Stored data:
- - - -
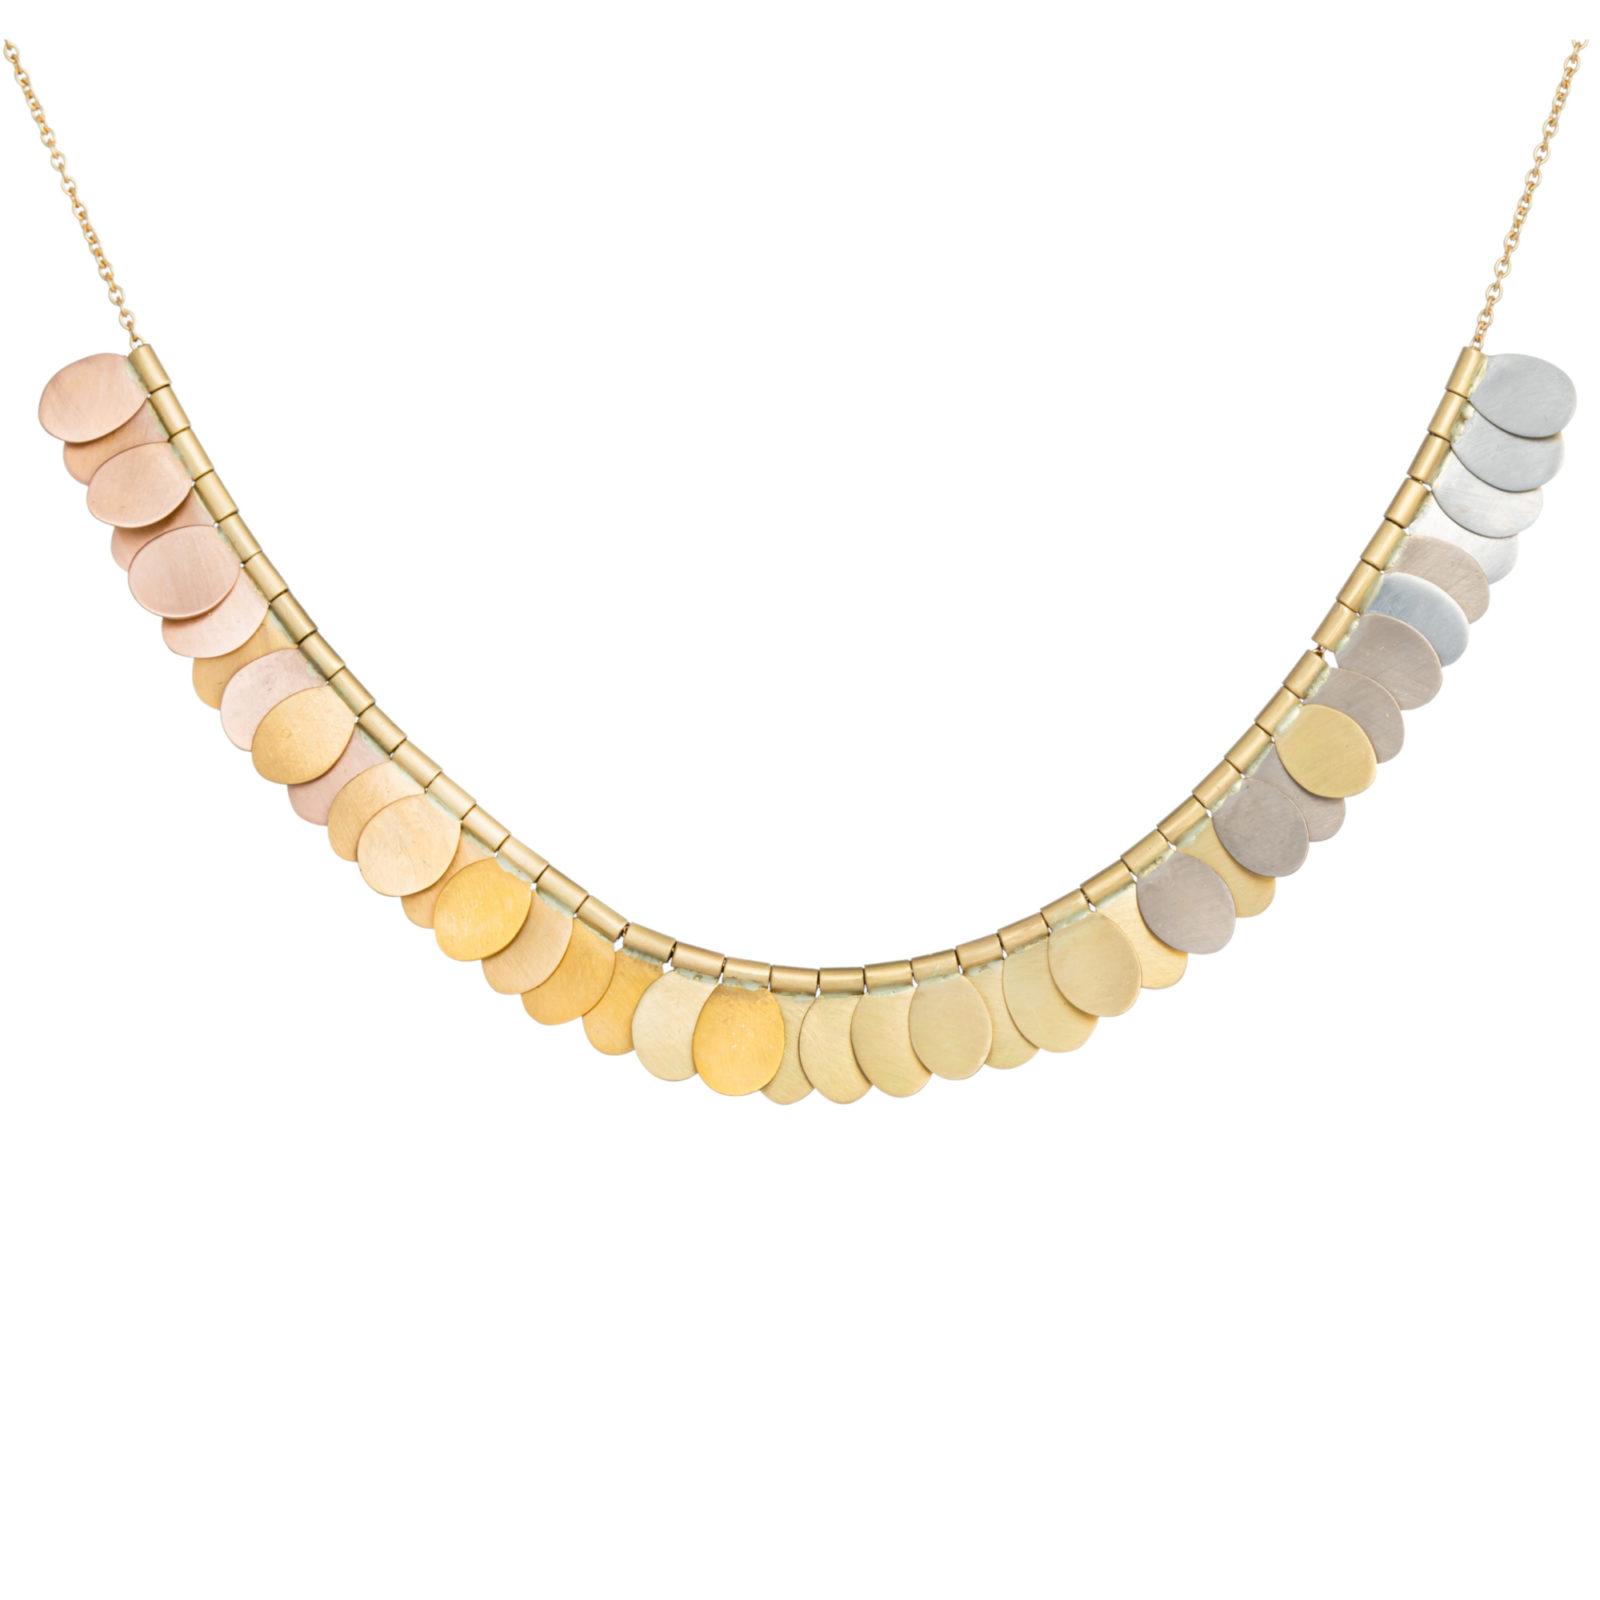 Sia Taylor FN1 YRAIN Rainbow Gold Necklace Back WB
- - - -
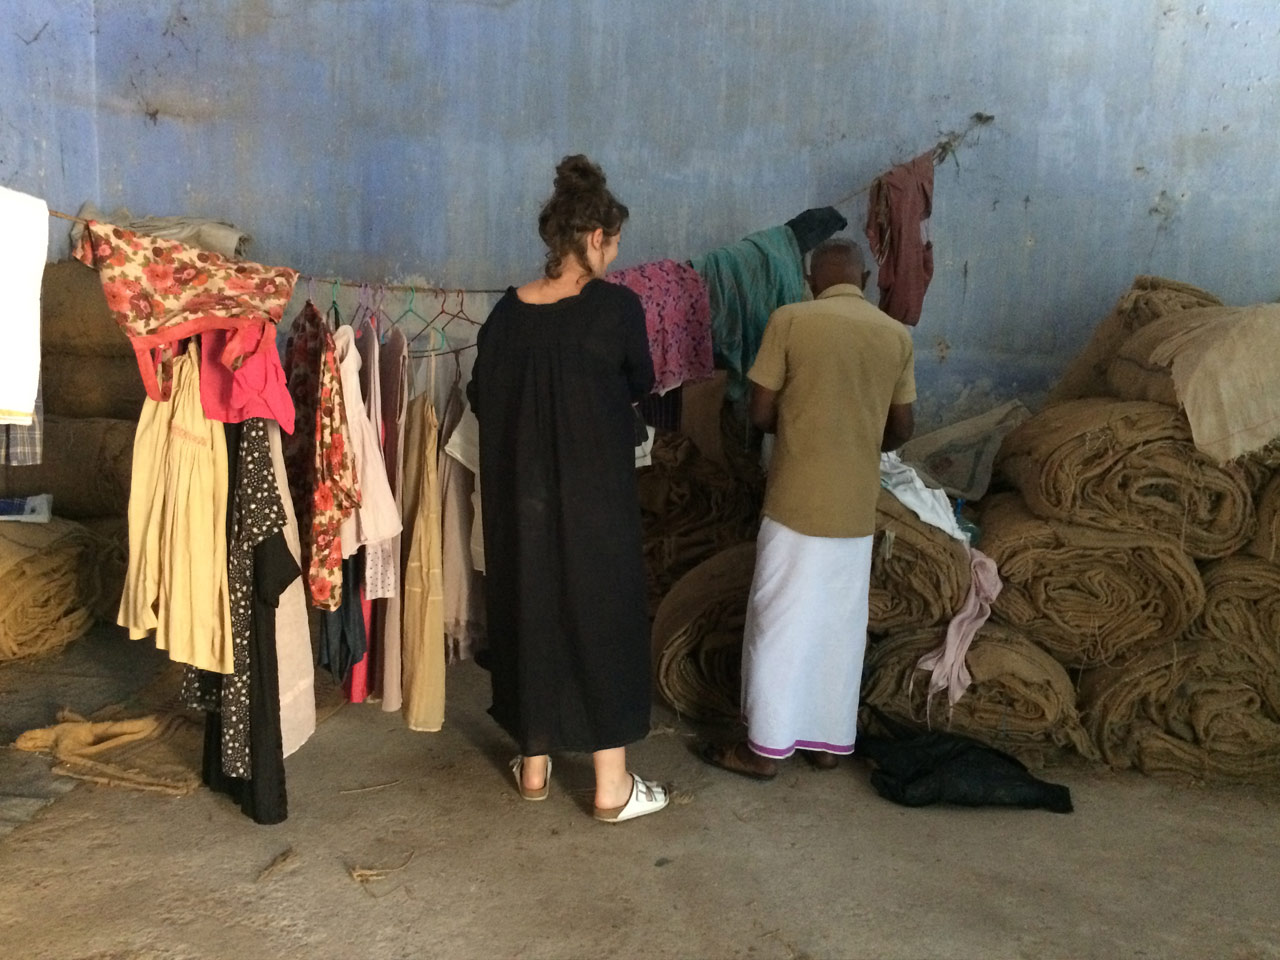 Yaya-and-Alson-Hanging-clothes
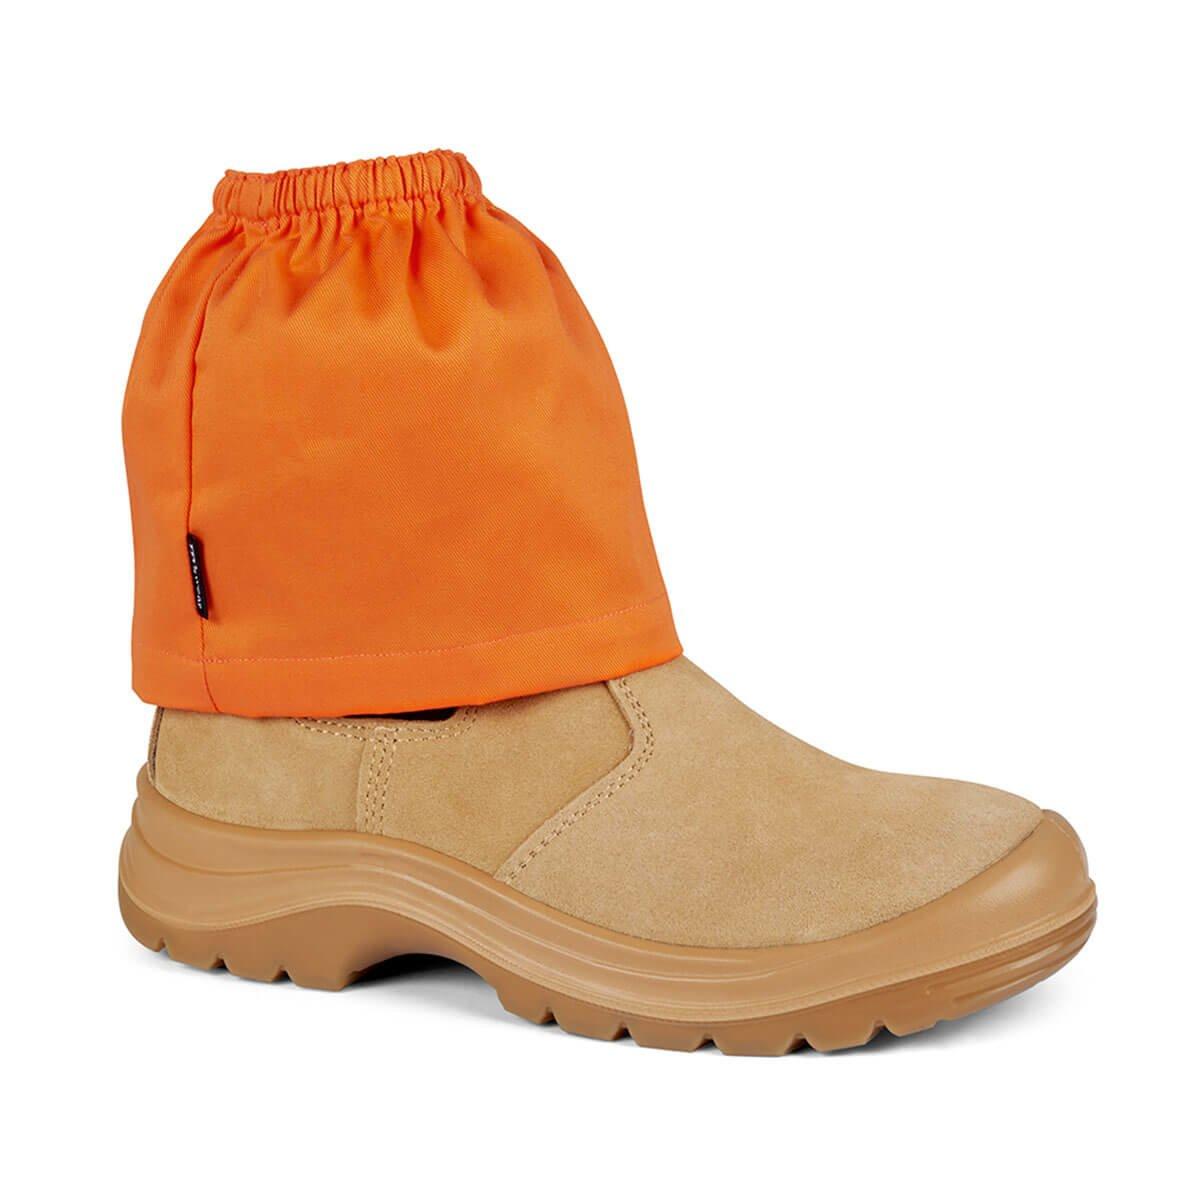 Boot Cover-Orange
- - - -
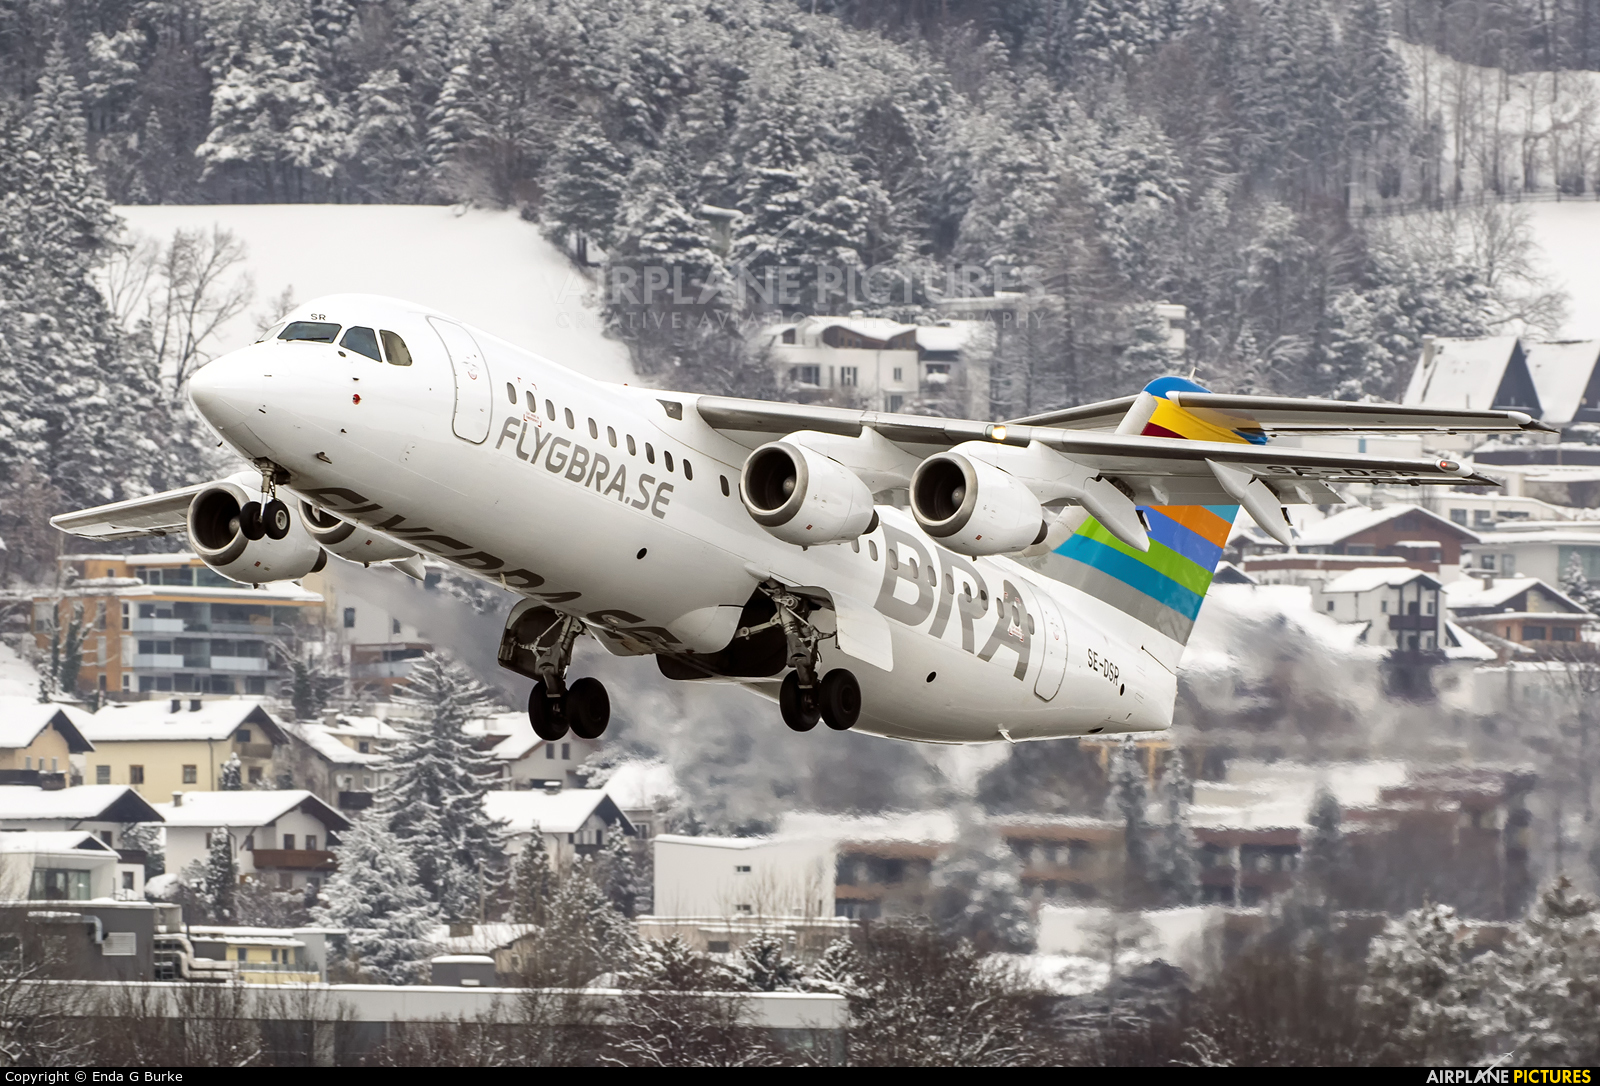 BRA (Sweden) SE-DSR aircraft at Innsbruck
- - - -
Action item: Pictures aside, return exactly the lines from the data above, starting at the line that has "Yaya-and-Alson-Hanging-clothes" and ending at the line that has "Boot Cover-Orange", both included.

Task output:
 Yaya-and-Alson-Hanging-clothes
 Boot Cover-Orange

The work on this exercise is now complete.